# Required action
From the line with "Petmate Jw Megalast Ball Dog Toy" to the final line of the data below, please write out every line exactly, with no pictures.

(Beginning of Dataset section)

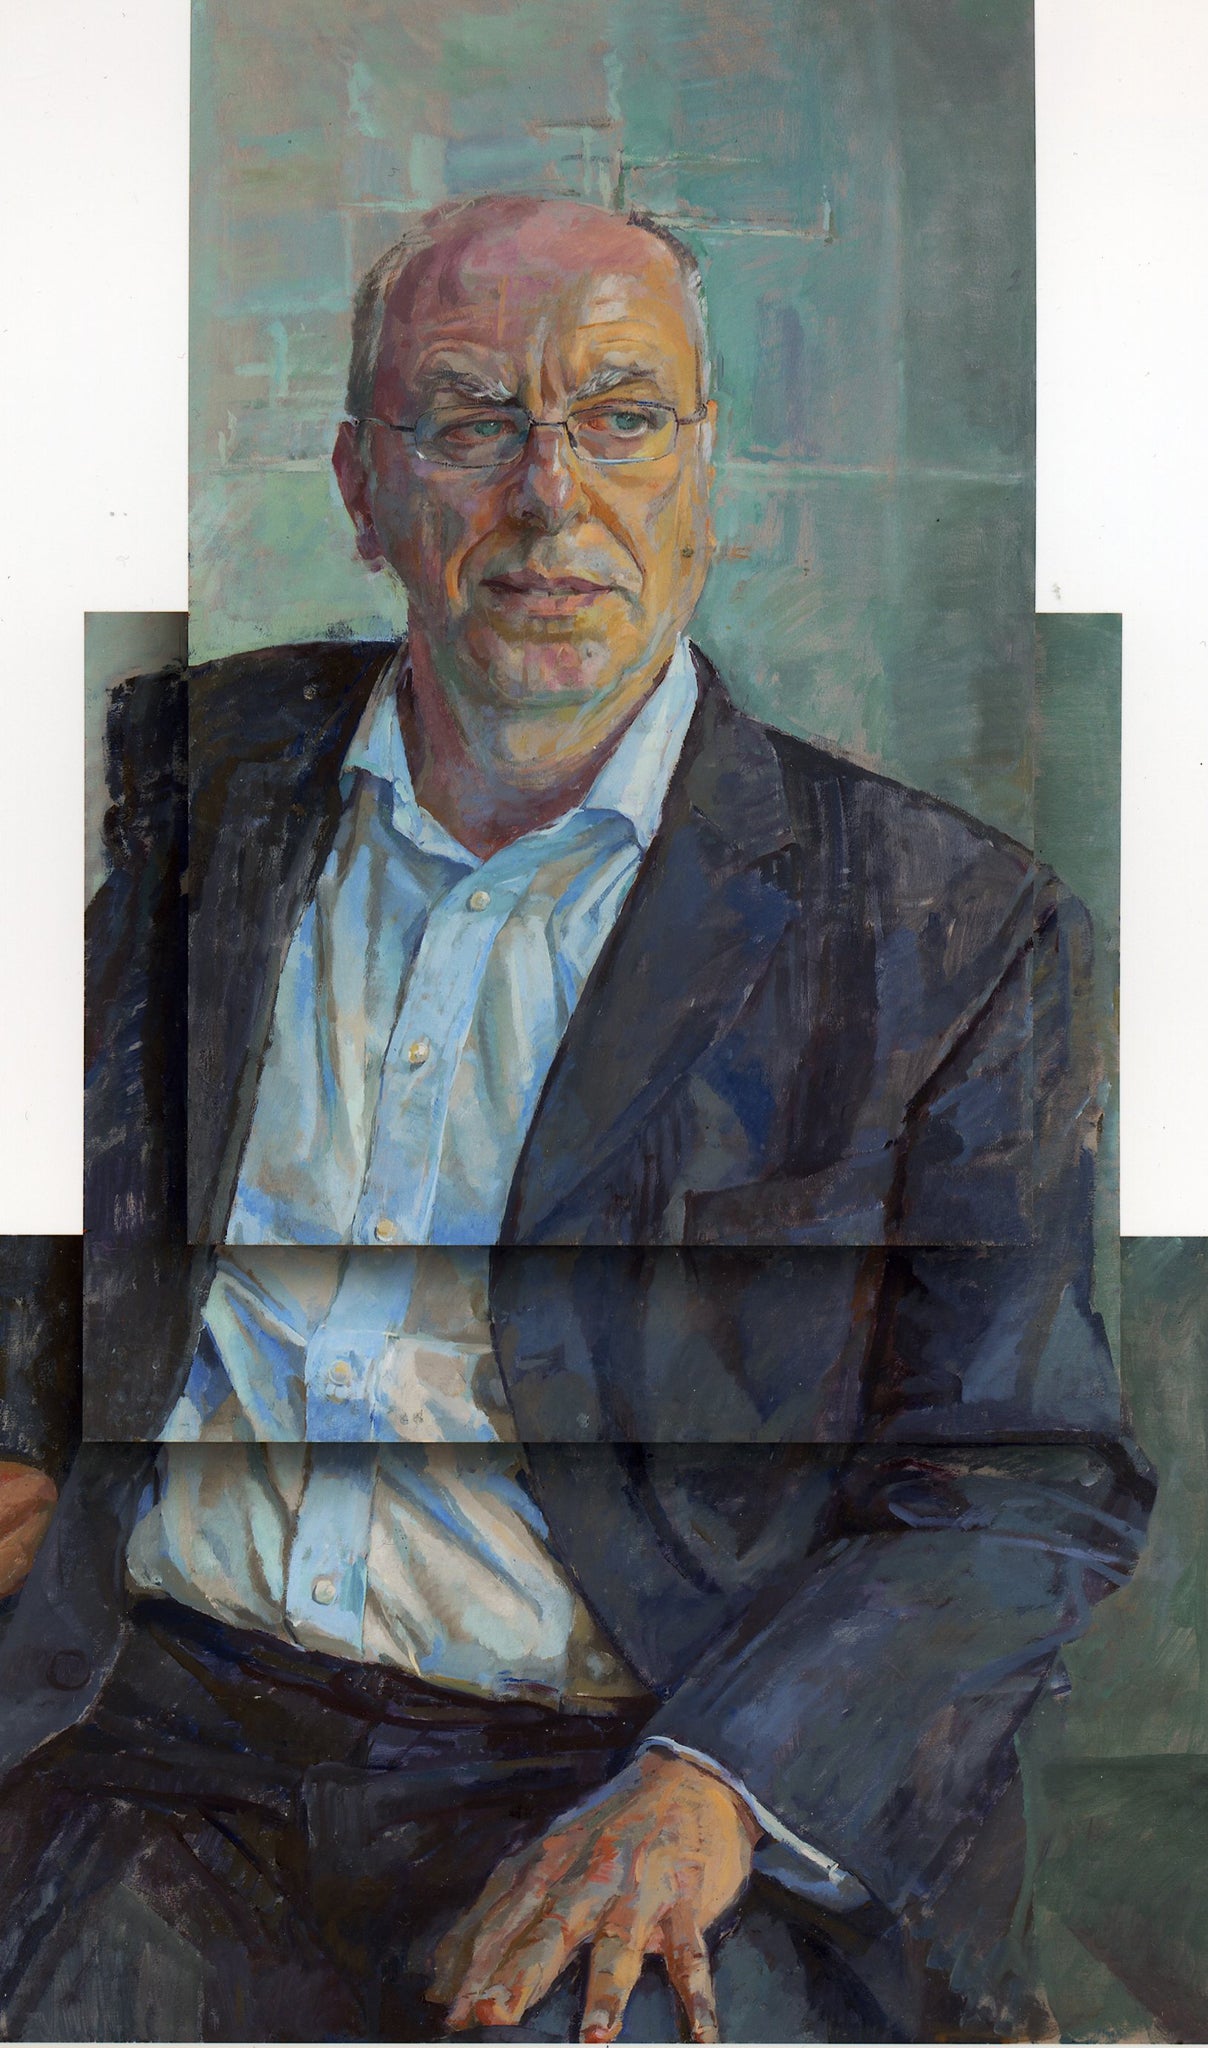 Daphne Todd's portrait of David Lister
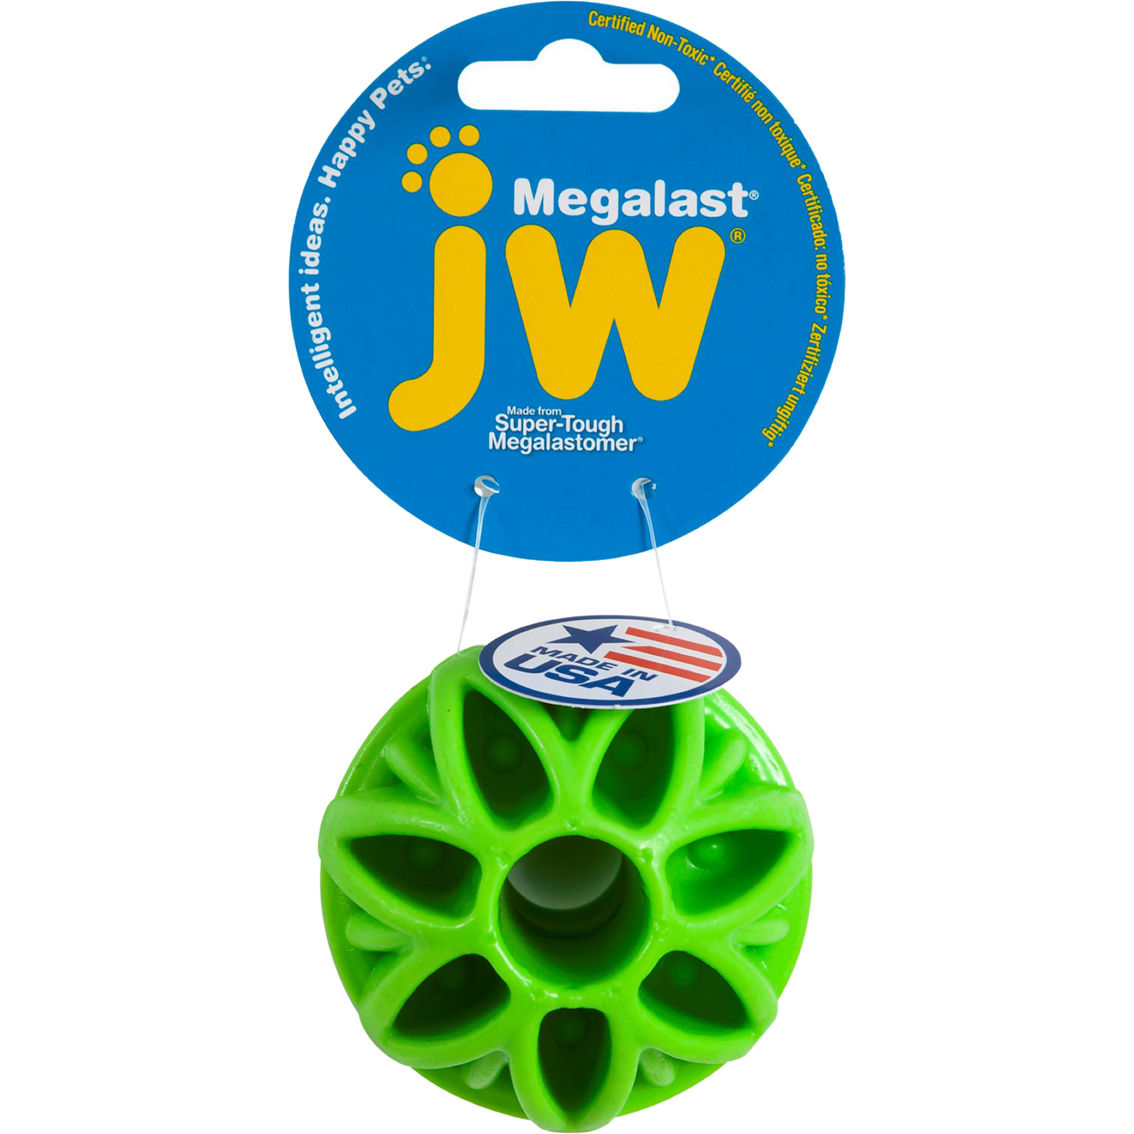 Petmate Jw Megalast Ball Dog Toy
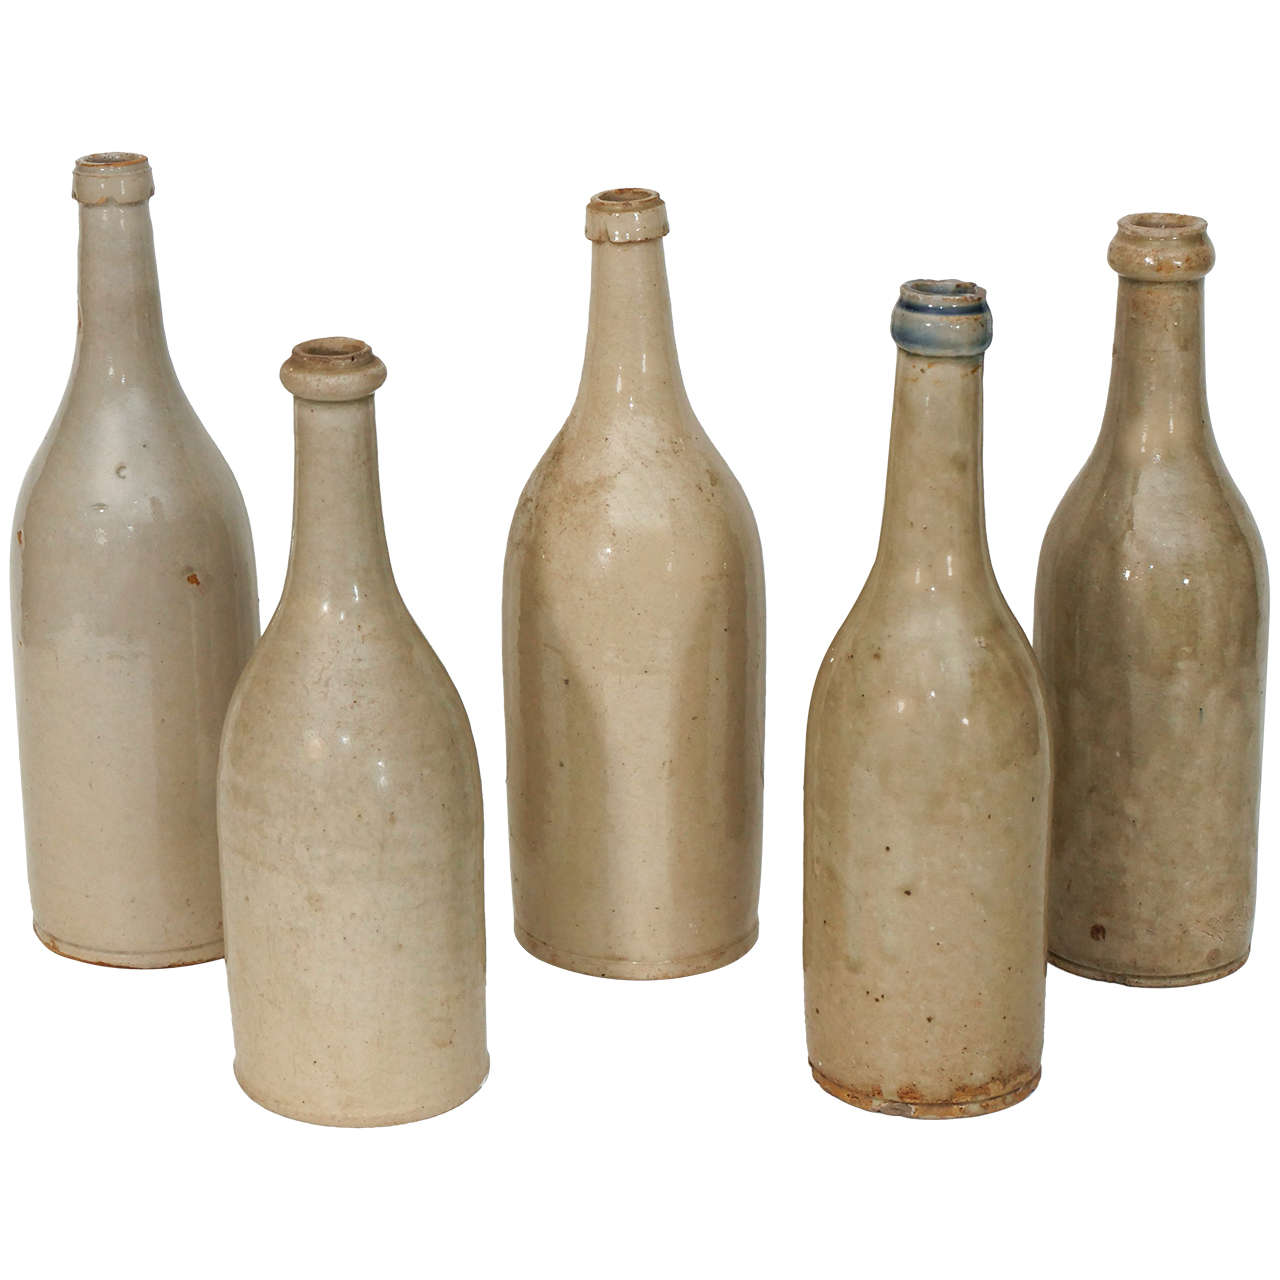 Ceramic Wine Bottles

(End of Dataset section)

# Exercise output
 Petmate Jw Megalast Ball Dog Toy
 Ceramic Wine Bottles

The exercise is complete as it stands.